It nearly drove me over the edge, but a new study proves I was right. Attachment parenting is, in fact, good for babies. For the uninitiated, attachment parenting is an approach to infant care developed by a sadist who, playing on new-mothers' fears, prescribed never putting the baby down, not even to take a dump. The new study measured how long babies cry and found that those who are held for 16 hours a day tend to cry less overall than those who are left to comfort themselves. What the study doesn't say is how long the mothers cried.
Even when I was bleary-eyed and on my knees begging my husband to either kill or commit me, I didn't put the damn baby down. Why? Because an earlier study had shown that babies who are held a lot in their first year "bond" with their mothers and develop better immune systems and go on to become NASCAR heroes with their pictures on cereal boxes or something like that.
I am a slave to studies. Occasionally I'll make a decision on my own, like when the second child came along and I tossed him into his crib with a ham sandwich and a TV set and told him I'd come back when he could talk. But typically, I am the one anxiously clearing the pantry shelves of fats one day and filling them with Snackwells only to learn it was the refined flour that was killing me in the first place. Back came the fats, but not the trans fats. Out went the pretzels and in came the wonder foods --- oatmeal, blueberries, and pomegranates.
And why not follow the latest scientific findings? We are lucky to have all this data at our fingertips. Let's use it. Not everyone sees it my way, however. Recently, when I was explaining how important it is to eat dinner together --- lower juvenile delinquency and drug use, higher grades, etc. --- my kids fought back.
"Studies show, studies show," my 9-year-old said recently in exasperation.
"Why don't you take a chance," the snarky teen, the one I once held for 24 hours a day, added, "and actually learn something on your own?"

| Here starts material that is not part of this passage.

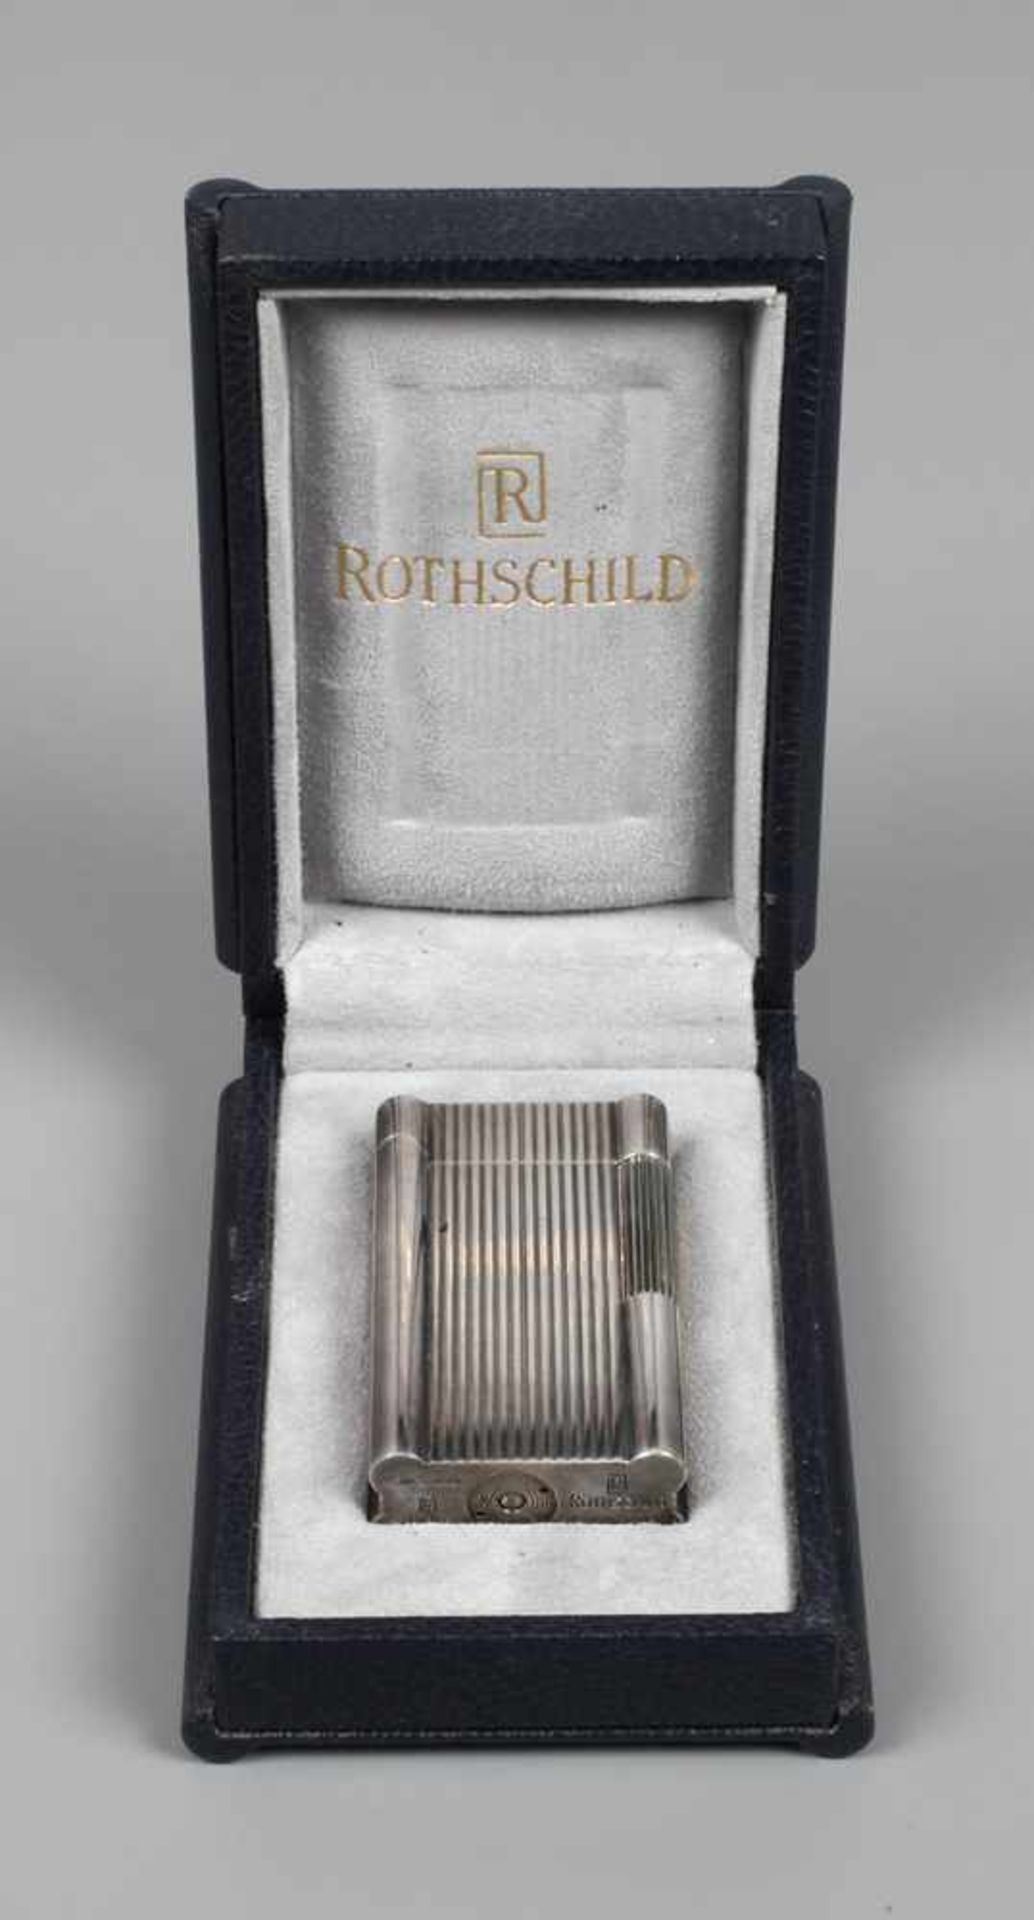 Feuerzeug Rothschild 20. Jh., an der Unterseite gemarkt Rothschild und nummeriert OA 0251,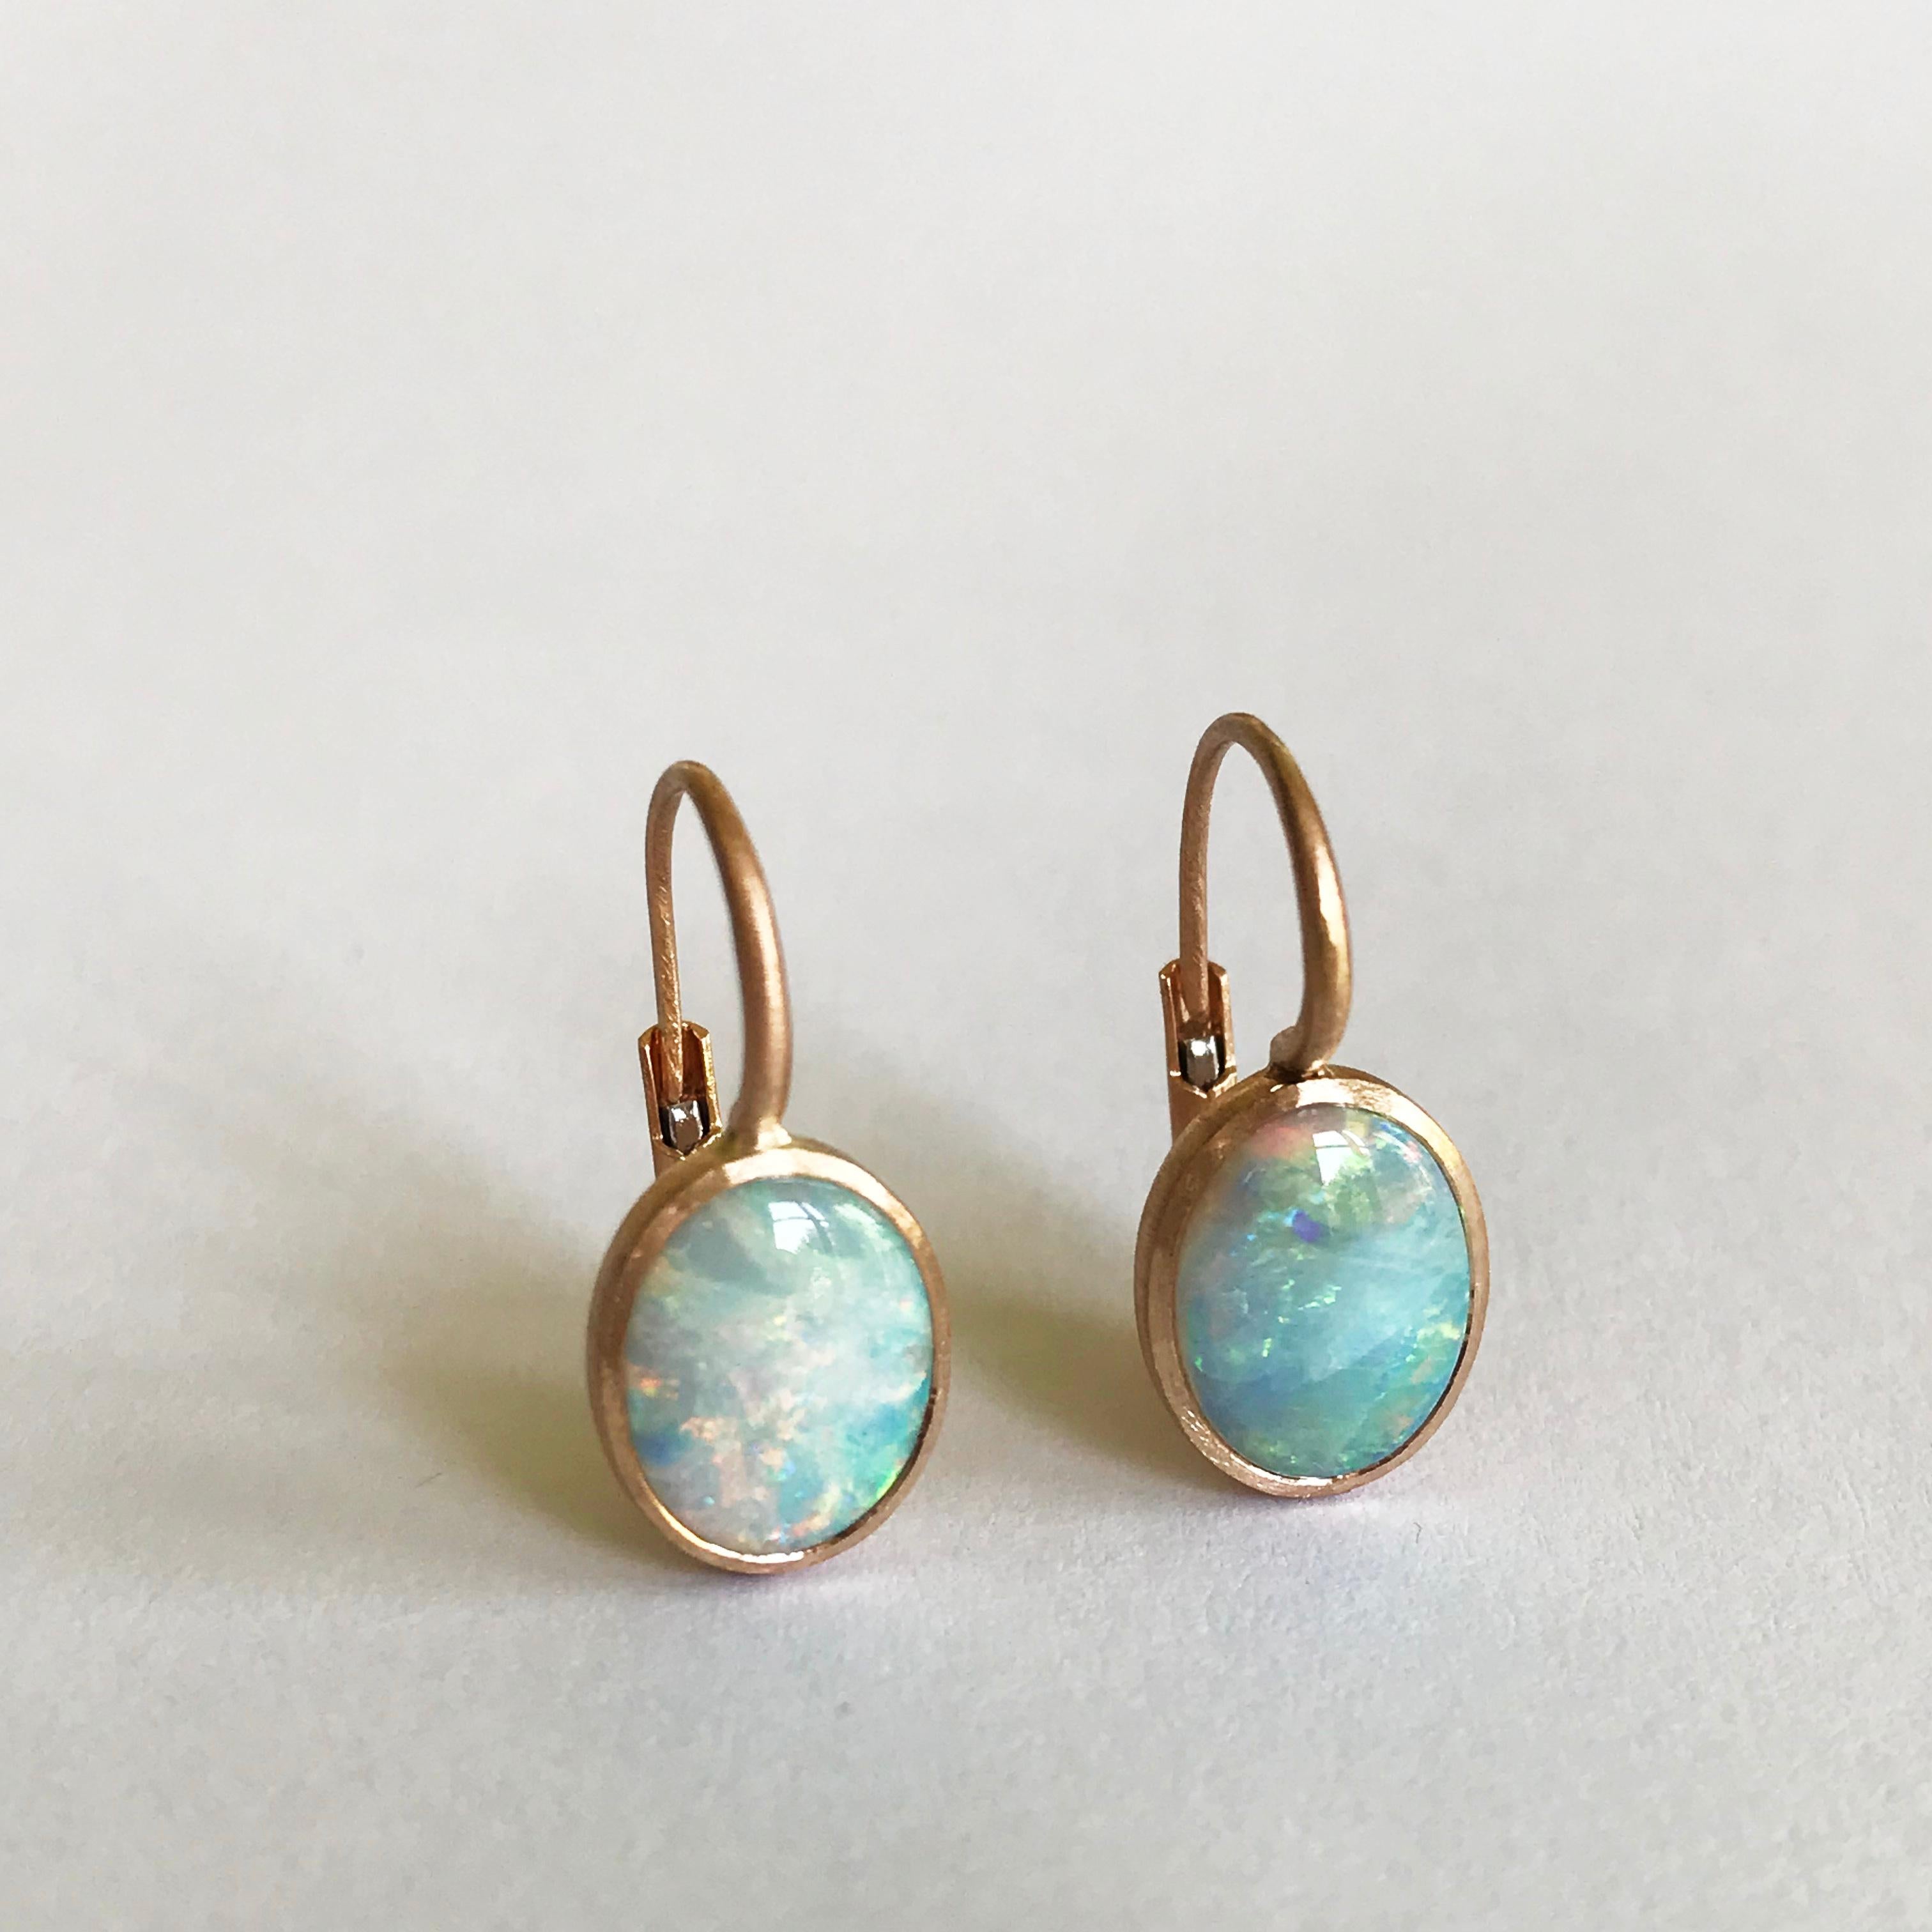 Dalben Little Oval Australian Opal Rose Gold Earrings For Sale 1

I'm not the only one being held hostage by scientific studies. For most Americans, it started with cholesterol in the '70s. Early studies correlated high cholesterol with clogged arteries and heart attacks, and we haven't been the same since. My father, in fact, had had his first heart attack in his mid-20s, so when a doctor told him to watch his diet, he signed right on.
Suddenly all food was suspect. My childhood was a roller-coaster ride of embracing and then rejecting the same foods --- margarine, eggs, pasta --- as new studies contradicted old ones, showing how healthy or, alternately, unhealthy these things were. And we weren't the only ones watching our diets. I remember the ads run by the panicking meat and milk industries that feared their products would be made obsolete.
Fast forward to today. We're all in thrall of each new scientific-sounding health report, a trend not lost on the drug companies. In fact, there's even --- surprise surprise --- a new study that addresses this phenomenon. A recent report shows that pharmaceutical companies are systematically inventing diseases in order to sell more pills. Playing on our desire to first medicalize and then improve our lives, these companies exaggerate rare or mild diseases or characteristics for profit. For example, according to the report, a charley horse is now "restless leg syndrome," and ordinary shyness is "social anxiety disorder." And yup, you can buy medicine for both.
I'm a little behind in my reading. I need to integrate a whole pile of new studies into my family's life. Caffeine makes you smarter and a better listener, I just learned, so from now on I'll make my kids chug a Red Bull right before the school bus comes. I've temporarily lost my battle against video games because the children found a study that showed that game-playing surgeons have better outcomes in operations. I need to find an even newer study that shows that video games cause brain death or small penises.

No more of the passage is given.